The TopEventSelection package allows to separate "signal" and "background" events using the MVA package developed by Christophe Saout. In the default implementation TTbar(semileptonic muon channel) events are separated from W+jets events using a Likelihood-Ratio with 10 input-variables. Besides the default the user can utilize any other process as "signal" or "background", implement his own input-variables and switch to Neural-Networks or any other TMVA-based MVA.

Structure

There are two main classes in TopEventSelection:

• TraintreeSaver responsible for the production of training-trees
• TtSemiLepSignalSelMVAComputer responsible for the calculation of the final MVA-Output

Two further classes are responsible for the calculation of the input-variables and their transfer to the MVA-Trainer:

• TtSemiLepSignalSel
• TtSemiLepSignalSelEval

Access

In case you want to use the default implementation, you have to run TQAFLayer2 on your input files to get TQAFLayer2 output.
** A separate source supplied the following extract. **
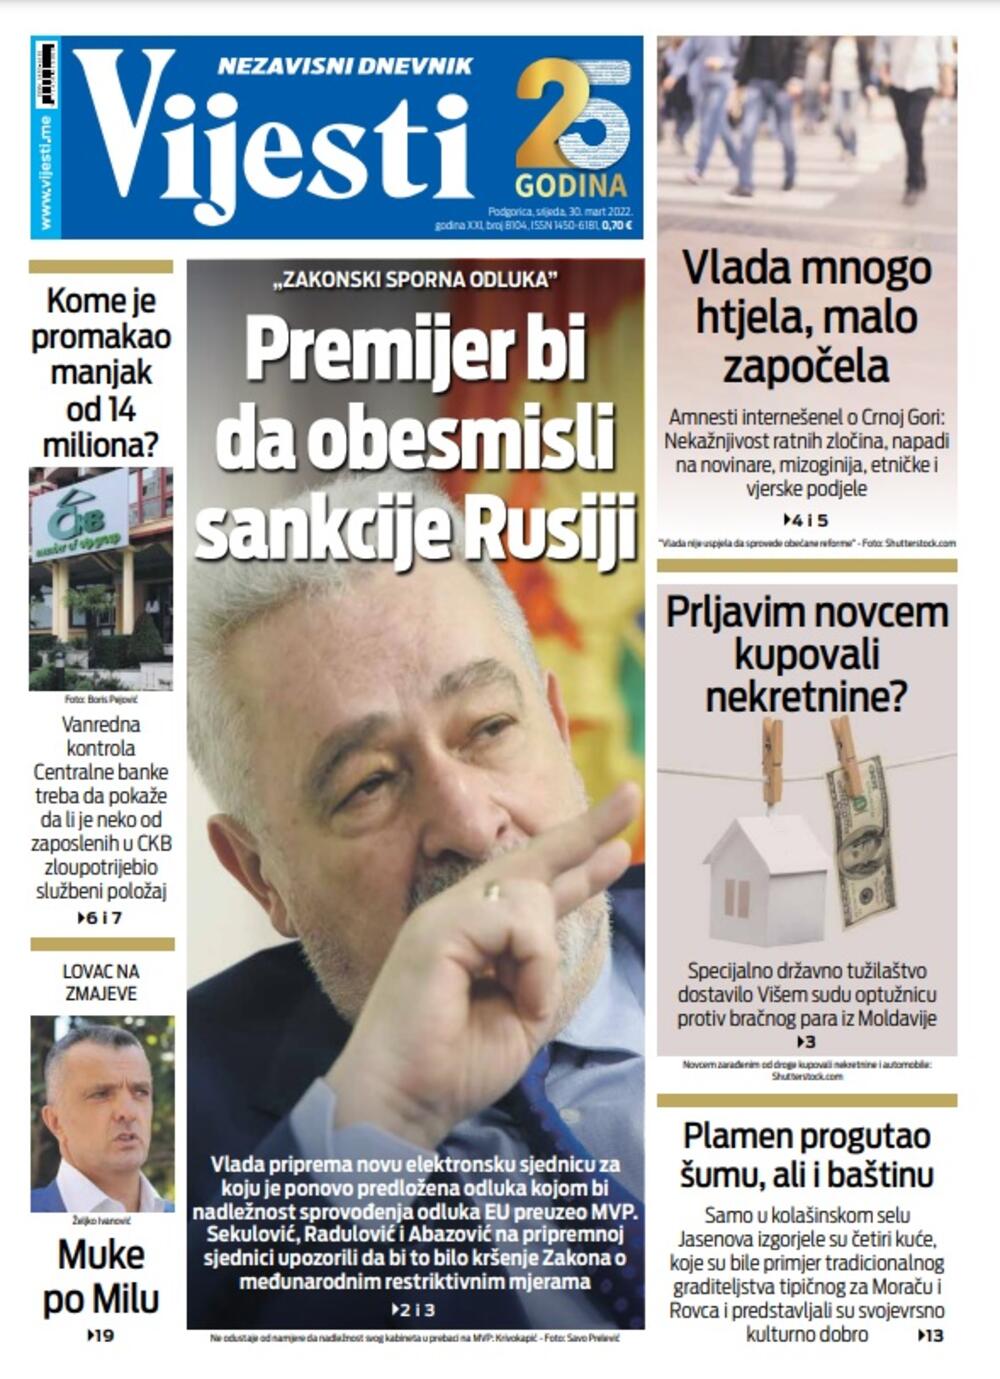 Naslovna strana "Vijesti" za 30. mart 2022., Foto: Vijesti

Therein the likelihood-output branch is named

double_findTtSemiLepSignalSelMVA_DiscSel_TQAF

and can easily be accessed in your Analyzer. Note: The likelihood-output for events which do not pass the event selection criteria is set to -1. All other events have outputs between 0 and 1, where background events accumulate next to 0 and signal events next to 1.

Production

In case you want to do your own MVA-Signal-Selection, you should first produce TQAFLayer1 output for your files. It is possible to run TQAFLayer1 and the TraintreeSaver in one step but you may run into performance problems, so it is better to produce TQAFLayer1 output first.

to be continued...

Jet Parton Association (MVA based)

Contact person Sebastian Naumann

Description

For analyses like differential cross section measurements, the measurement of the top mass and measurements of other top characteristics there is a special need for a full or partial event reconstruction with a proper association of reconstructed jets to the quarks of the top (anti-top) decay chain(s). For the semileptonic channel, the classes

• TtSemiLepJetCombMVATrainer
• TtSemiLepJetCombMVAComputer

provide an implementation of the CMS MVA package for multivariate analysis methods to find this proper jet-parton association. They are located in the plugins directory of the TopJetCombination package. The CMS MVA package is a centrally provided interface to all kind of multivariate analysis methods as likelihood, neural net and others. It also provides a full interface to the root TMVA package. It takes most technical burdens from the user's shoulders like histogram and event management and preprocessing and de-correlation of input variables. It is steered via xml steering files.

Structure

Access

Production

To produce a new .mva file which can be used as input to calculate the MVA discriminator for jet-parton hypotheses, first run the TrainTreeSaver:

cmsRun TopQuarkAnalysis/TopJetCombination/test/ttSemiLepJetCombMVATrainTreeSaver_cfg.py

The resulting tree will be stored in a file called train_save.root. You can then perform the actual training:

mvaTreeTrainer --xslt TopQuarkAnalysis/TopJetCombination/data/TtSemiLepJetCombMVATrainer.xml TopQuarkAnalysis/TopJetCombination/data/TtSemiLepJetComb.mva train_save.root

There are two output files, on one hand train_monitoring.root and on the other hand TtSemiLepJetComb.mva. To investigate the resulting train_monitoring.root via the ViewMonitoring macro, do:

ln -s $CMSSW_RELEASE_BASE/src/CMS.PhysicsTools/MVATrainer/test/ViewMonitoring.C
root -l ViewMonitoring.C

A small window is popping up that allows to have a look on the variables used by the MVA method (just click the button inputVariables->norm). To have more information on what you are looking at, you can have a look at the SWGuideMVAFrameworkTutorial.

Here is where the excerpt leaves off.